[Dataset records]
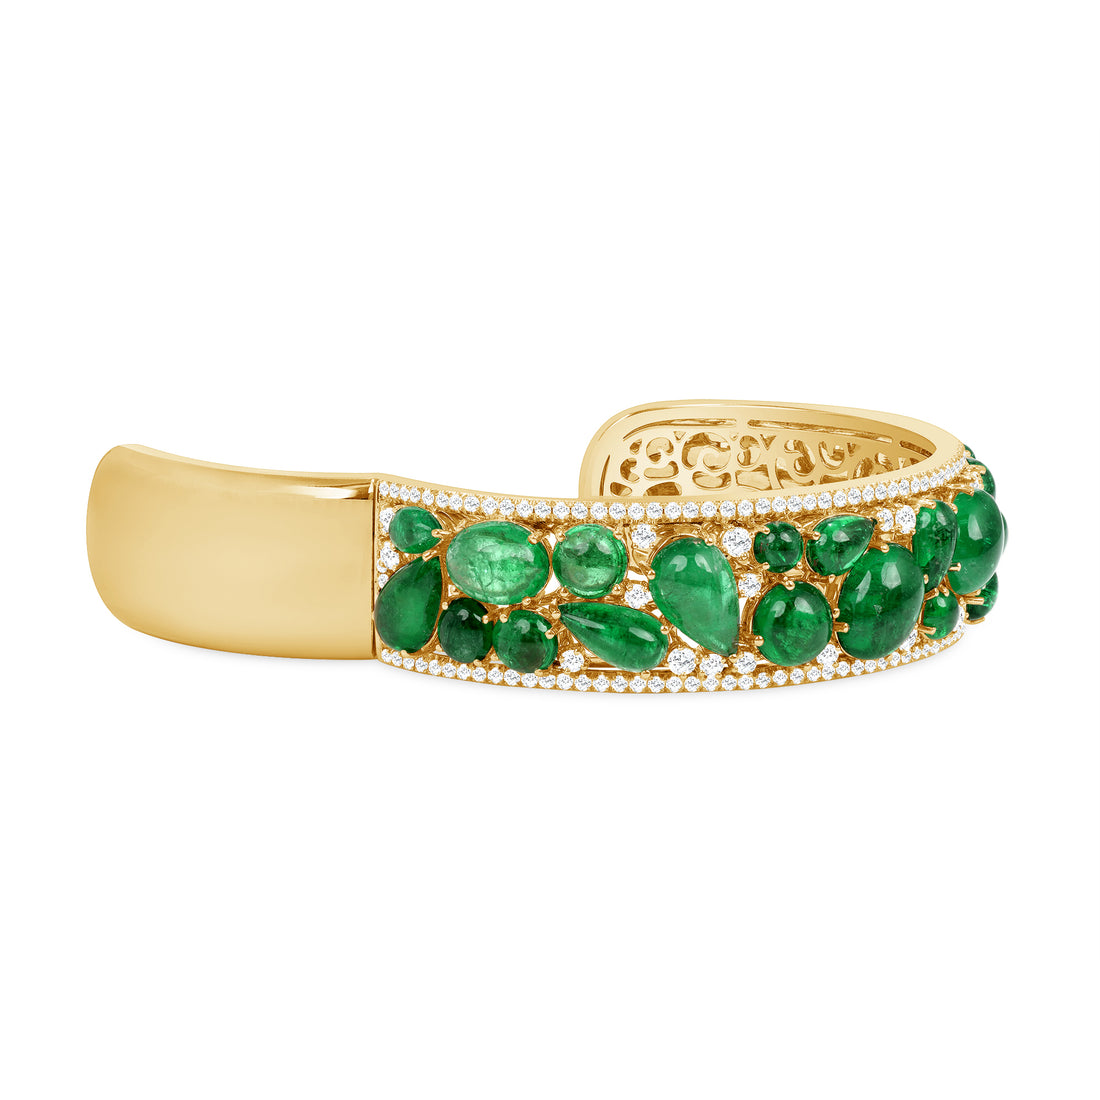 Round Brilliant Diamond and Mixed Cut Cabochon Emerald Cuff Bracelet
--
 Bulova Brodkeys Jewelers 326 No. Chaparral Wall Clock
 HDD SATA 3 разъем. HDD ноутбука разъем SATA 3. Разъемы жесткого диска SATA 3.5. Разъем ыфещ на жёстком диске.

[Task statement]
Starting at the line that has "Bulova Brodkeys Jewelers" in the records above, restate word for word every line until the one that has "HDD SATA 3 разъем.", and include that one as well.

[Exercise answer]
 Bulova Brodkeys Jewelers 326 No. Chaparral Wall Clock
 HDD SATA 3 разъем. HDD ноутбука разъем SATA 3. Разъемы жесткого диска SATA 3.5. Разъем ыфещ на жёстком диске.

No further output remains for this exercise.